I think one fast way to do that would be to track this internally in
binder (as is the case now), and then have address_space_operations
callbacks that the kernel invokes when it wants to know whether a page
can be discarded or not.

> > (I think in the Linux kernel, you might theoretically be able to cause
> > memory safety issues by deadlocking in particular ways - if you are
> > running on a CONFIG_PREEMPT kernel without panic_on_warn set, and
> > you're in a non-preemptible context because you're holding a spinlock
> > or such, and then you sleep because you try to wait on a mutex or
> > kmalloc() with GFP_KERNEL, the scheduler will print a "scheduling
> > while atomic" error message and then try to recover from that
> > situation by resetting the preempt_count and scheduling anyway. I
> > think that theoretically breaks the RCU read-side critical sections
> > normally implied by spinlocks once you return to the broken context,
> > though IIRC this situation will get fixed up at the next syscall
> > return or something along those lines. I haven't tried this though.)
>
> Sleeping in atomic context is a known area of concern. We're working
> on it.
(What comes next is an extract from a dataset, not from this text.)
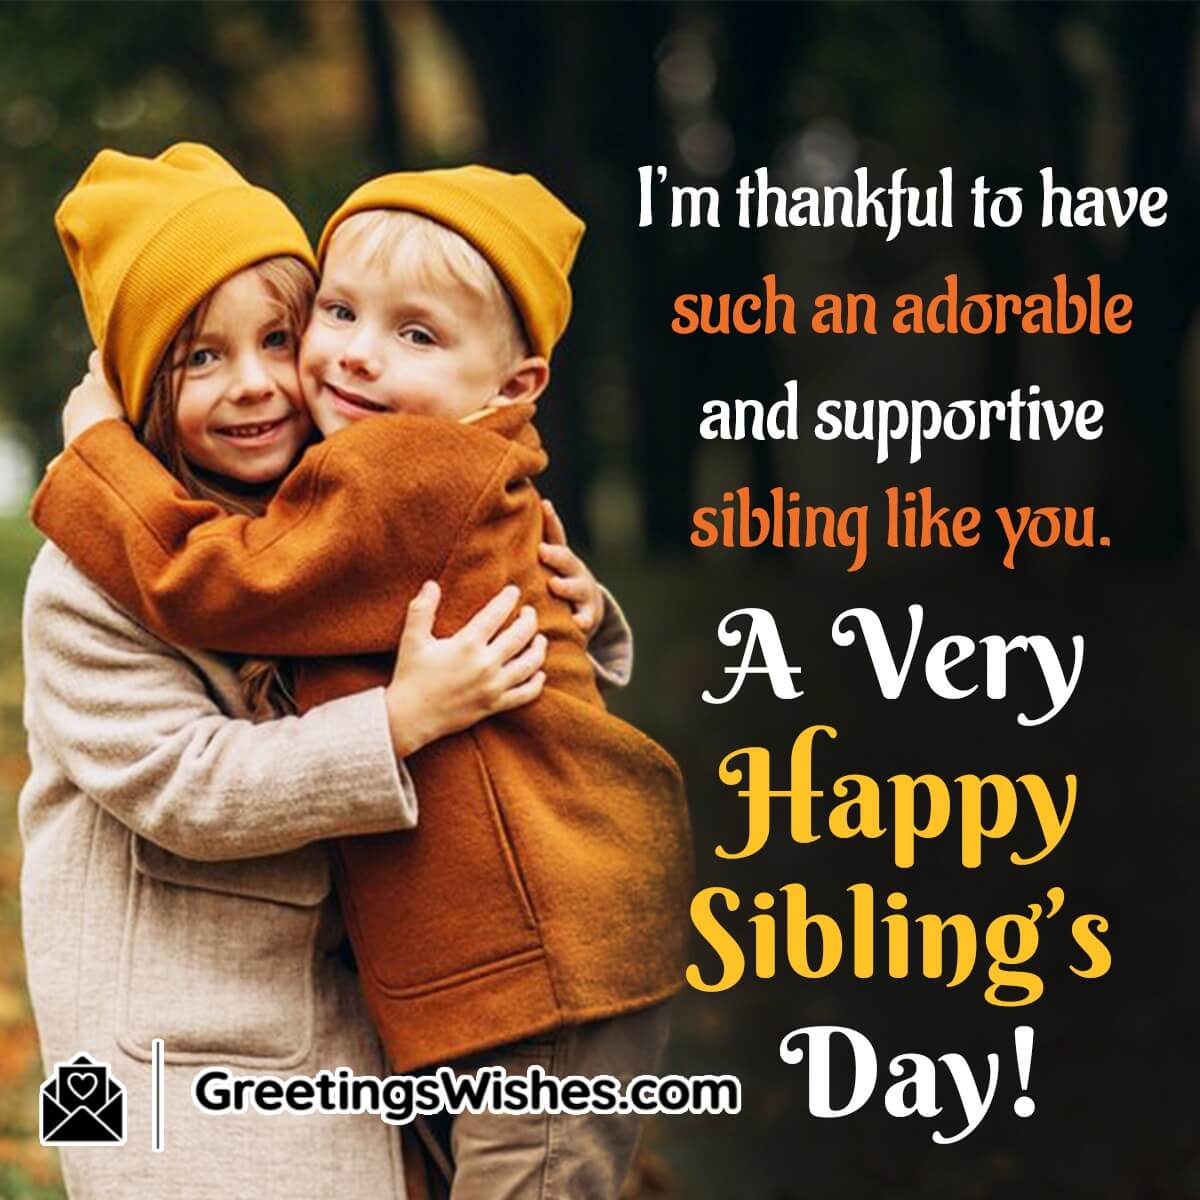 Siblings Day Wishes, Messages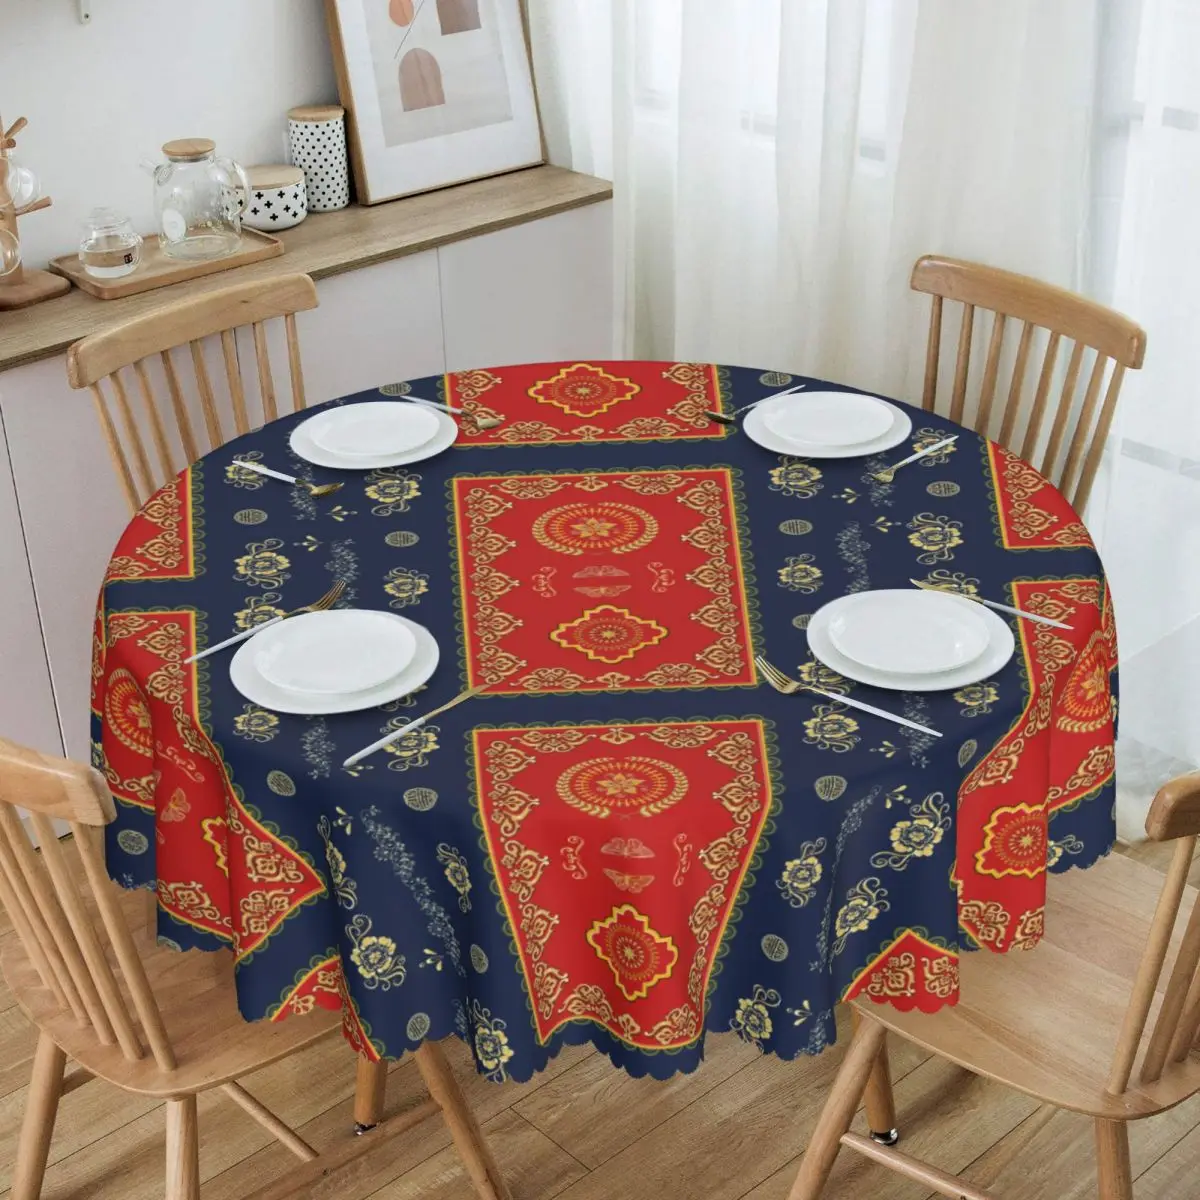 

Round Tablecloth Tablecloth 60 inches Kitchen Dinning Table Cloth Waterproof Bohemian Rug Ethnic Tribal Style Table Cover

For now, just assume that it's one of the allowed bad things.
> Eventually we would like to handle it properly with this tool:
> https://www.memorysafety.org/blog/gary-guo-klint-rust-tools/

Ah, thanks for the pointer.

> > > >> +    /// Maps a single page at the given address within the virtual memory area.
> > > >> +    ///
> > > >> +    /// This operation does not take ownership of the page.
> > > >> +    #[inline]
> > > >> +    pub fn vm_insert_page(&self, address: usize, page: &Page) -> Result {
> > > >> +        // SAFETY: By the type invariants, the caller holds the mmap write lock, so this access is
> > > >> +        // not a data race. The page is guaranteed to be valid and of order 0. The range of
> > > >> +        // `address` is already checked by `vm_insert_page`.
> > > >> +        to_result(unsafe { bindings::vm_insert_page(self.as_ptr(), address as _, page.as_ptr()) })
> > > >
> > > > vm_insert_page() has a kinda weird contract because there are two
> > > > contexts from which you can call it cleanly:
> > > >
> > > > 1. You can call it on a VmAreaRef (just like zap_page_range_single(),
> > > > you only need to hold an mmap read lock or VMA read lock, no write
> > > > lock is required); however, you must ensure that the VMA is already
> > > > marked VM_MIXEDMAP. This is the API contract under which you'd call
> > > > this from a fault handler.
> > > >
> > > > 2. You can call it on a VmAreaNew (and it will take care of setting
> > > > VM_MIXEDMAP for you).
> > > >
> > > > I think nothing would immediately crash if you called vm_insert_page()
> > > > on a VMA that does not yet have VM_MIXEDMAP while holding the mmap
> > > > lock in write mode; but that would permit weird scenarios where you
> > > > could, for example, have a userfaultfd context associated with a VMA
> > > > which becomes VM_MIXEDMAP, while normally you can't attach userfaultfd
> > > > contexts to VM_MIXEDMAP VMAs. I don't think if that actually leads to
> > > > anything bad, but it would be a weird state that probably shouldn't be
> > > > permitted.
> > > >
> > > > There are also safety requirements for the page being installed, but I
> > > > guess the checks that vm_insert_page() already does via
> > > > validate_page_before_insert() might be enough to make this safe...
> > >
> > > One way to handle this is to make an VmAreaRef::check_mixedmap that
> > > returns a VmAreaMixedMapRef after checking the flag. That type can then
> > > have a vm_insert_page method.
> >
> > Sounds reasonable.
> >
> > > As for VmAreaNew, I'm not sure we should have it there. If we're not
> > > careful, it would be a way to set VM_MIXEDMAP on something that already
> > > has the VM_PFNMAP flag. We can probably just tell you to set VM_MIXEDMAP
> > > directly and then go through the method on VmAreaRef.
> >
> > Makes sense.
> >
> > I guess one tricky part is that it might be bad if you could
>
> Seems like this sentence is incomplete?

Whoops, guess I got distracted while writing this...

I guess it could be bad if you could install page mappings before
changing the VMA flags in a way that makes the already-installed page
mappings invalid. But as long as you don't change the
VM_READ/VM_WRITE/VM_EXEC flags, and you never clear
VM_MIXEDMAP/VM_PFNMAP, I think that probably can't happen, so that
should be fine...